• What you should do
Without the pictures, copy all of the data exactly.

• Data section
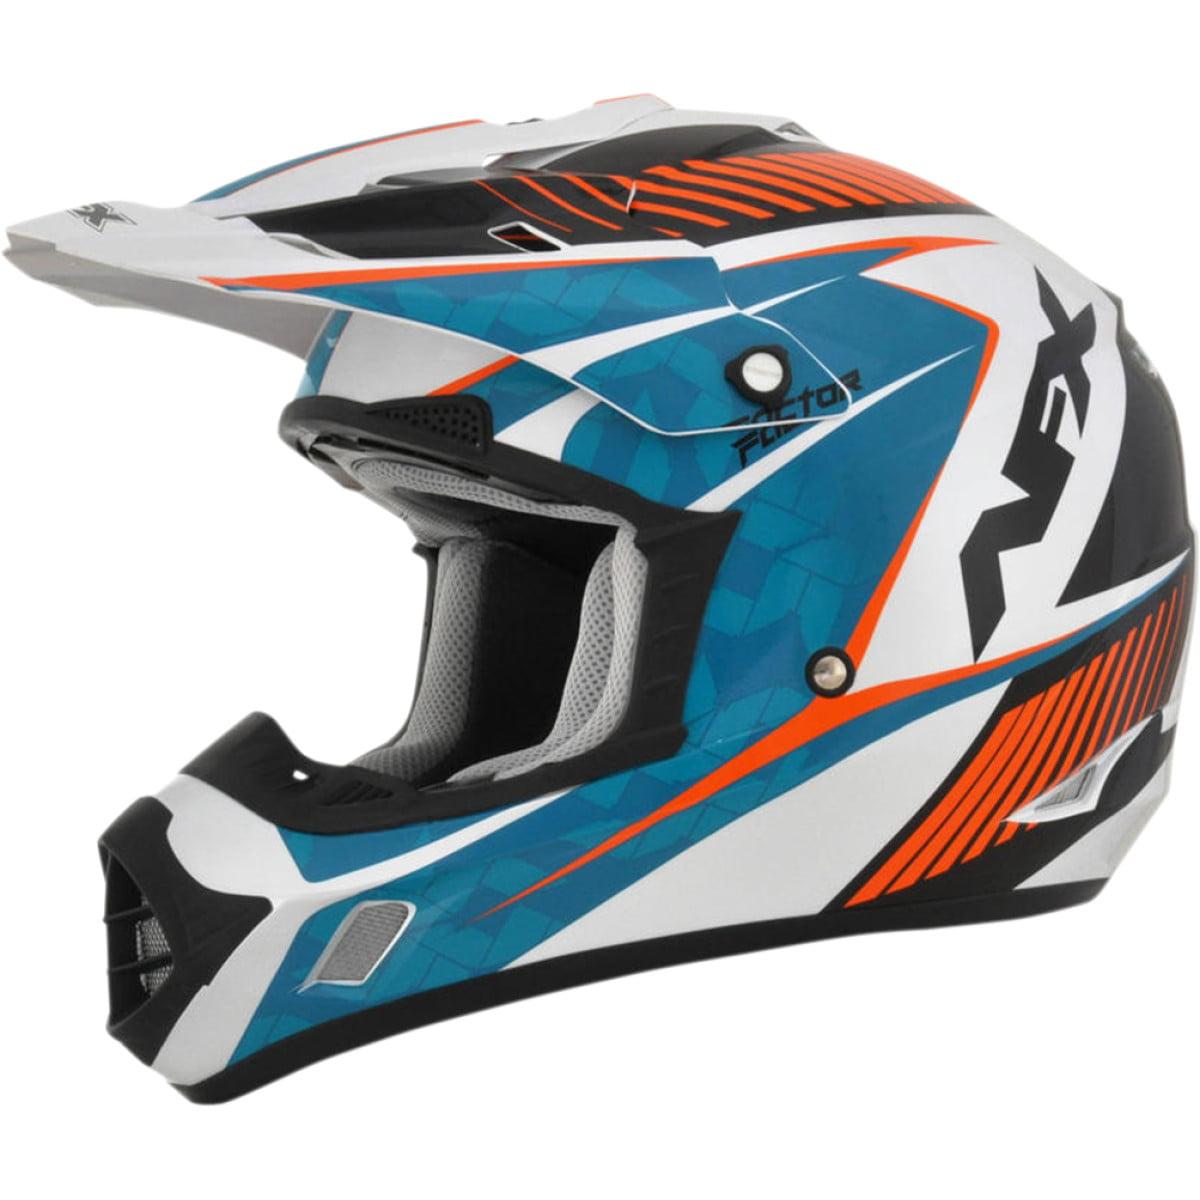 AFX FX-17 Offroad Helmet (Factor Blue/Orange/White Clear Coat, 2X-Large)
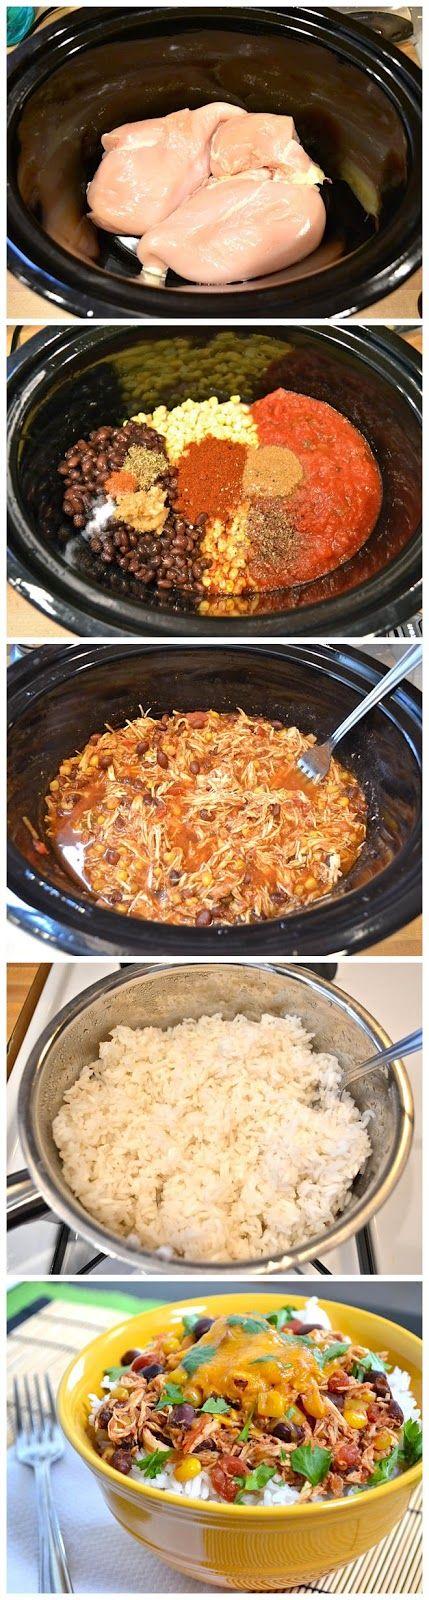 crock pot taco chicken bowls. This looks soooo yummy!
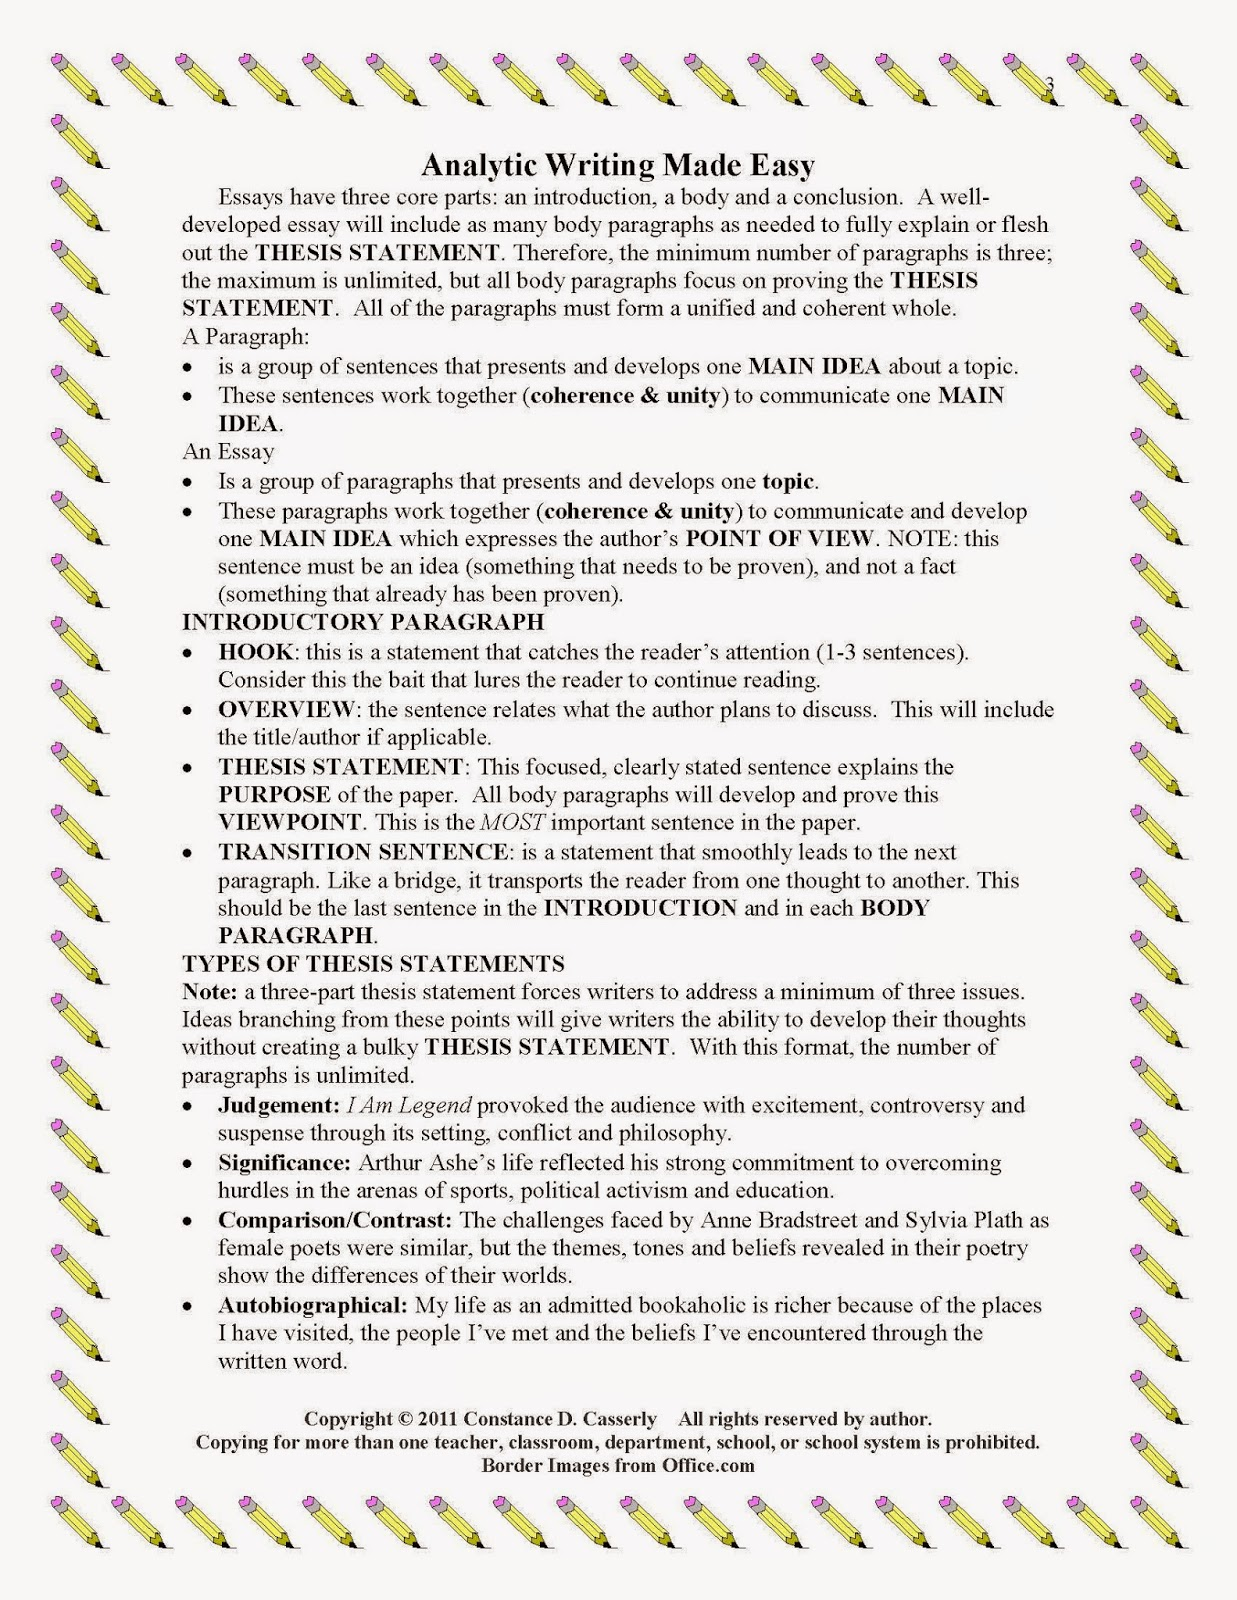 Homework help. Buy custom written Literature essay. | MCTS Windows ...

• Task output
 AFX FX-17 Offroad Helmet (Factor Blue/Orange/White Clear Coat, 2X-Large)
 crock pot taco chicken bowls. This looks soooo yummy!
 Homework help. Buy custom written Literature essay. | MCTS Windows ...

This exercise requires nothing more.